周末两天,他也是和外婆待在家里,偶尔去附近的商场逛逛。
王珍香很满足,乖孙和以前一样,虽然笑少了,但那是少年该有沉稳,平时送他上下学,自己在家找点活干,和邻居四处逛逛。
补习班的事很快也安排上了。
老师讲的很多很细致。
可李全言最近状态有些不对,明显的看见他眼底的黑眼圈,上课时眼神也有些恍惚,甚至发呆。
最后电话打到了熊云嵘那里。
她和李峰几乎都是早出晚归,和李全言时间几乎错开。
所以第一反应是去问王珍香,对方说没啥特别的事发生,沉默一会儿想起来,当初女儿给她的药,有两瓶已经没有了,她本来是记着要和女儿说的,后来忘了。
挂断电话,再起响起时,是郭潇。
她问郭医生那些要的作用,对方告诉她是帮助睡眠的,一般这种患者都是感官思想比较发散,需要一定的辅助才能更好的睡眠,人也有精神。
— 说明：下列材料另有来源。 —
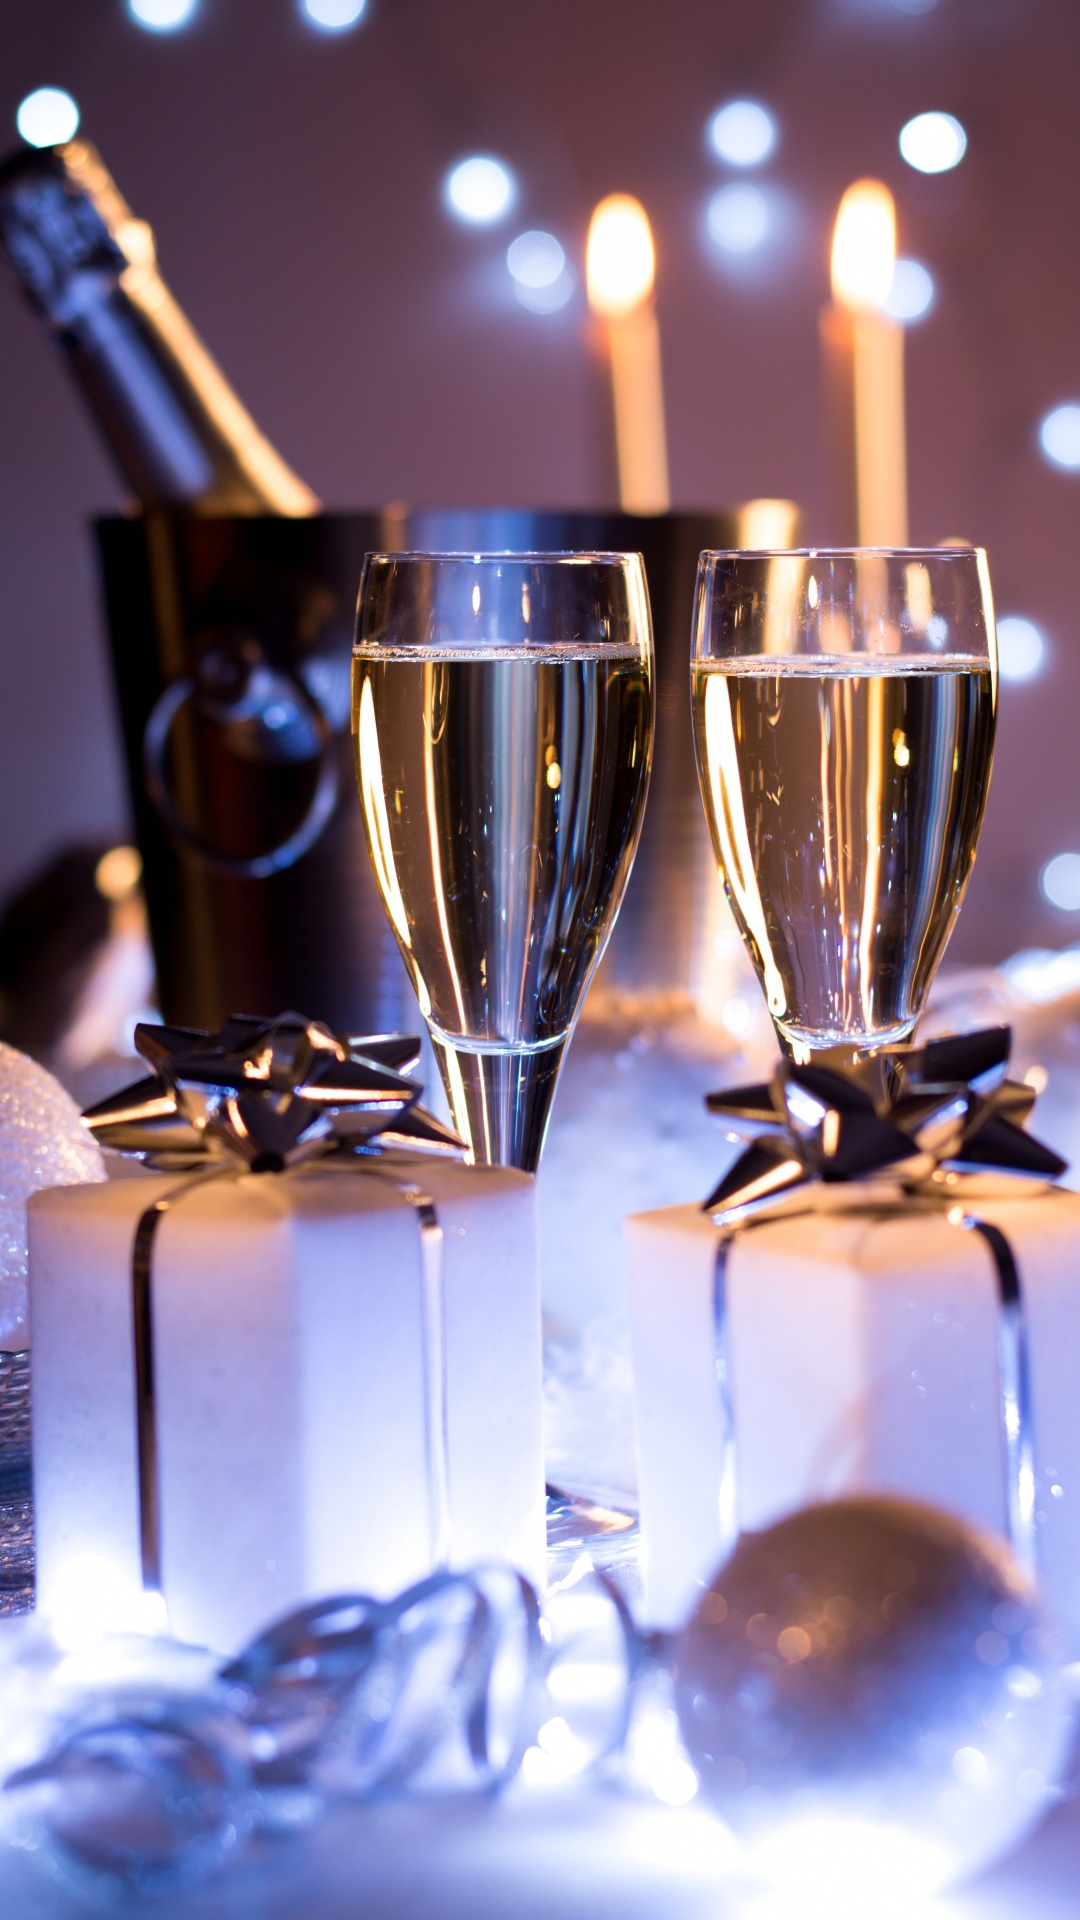 香槟, 葡萄酒, 新年前夕, 新的一年, 仍然生活 壁纸 1080x1920 允许

随后她把李全言最近的状态告诉了医生,只是关于放假之后又补课的事没提。
郭潇笑着说没什么大问题,记得去康复中心拿药就行。
事实也正如她说的那样,加上少了的拿几个药片,李全言又变回之前一样,上课也很认真。
不知为什么,熊云嵘还是有些不放心,她查过了药片的成分确实是帮助睡眠,没其它问题,也在等李全言吃过药睡觉后偷偷去看过,对方没有什么不适反应,睡得很安稳,连着好几晚的观察都是这样,才放下心。
只是她没想到的是,王珍香也开始吃药了。
前两天熊云嵘带她去做体检,高血糖,得靠药物抑制。
记着医生的嘱托,反反复复和王珍香说了好几遍。
“晓得晓得,到底你是我妈,还是我是你妈,比我还能叨。”
熊云嵘叹气:“好吧,那你自己注意,我上班去了,晚上我和李峰有应酬不回来吃晚饭了,你和小言早点休息,睡前记得让他把药吃了。”
“嗯,记住了,路上小心。”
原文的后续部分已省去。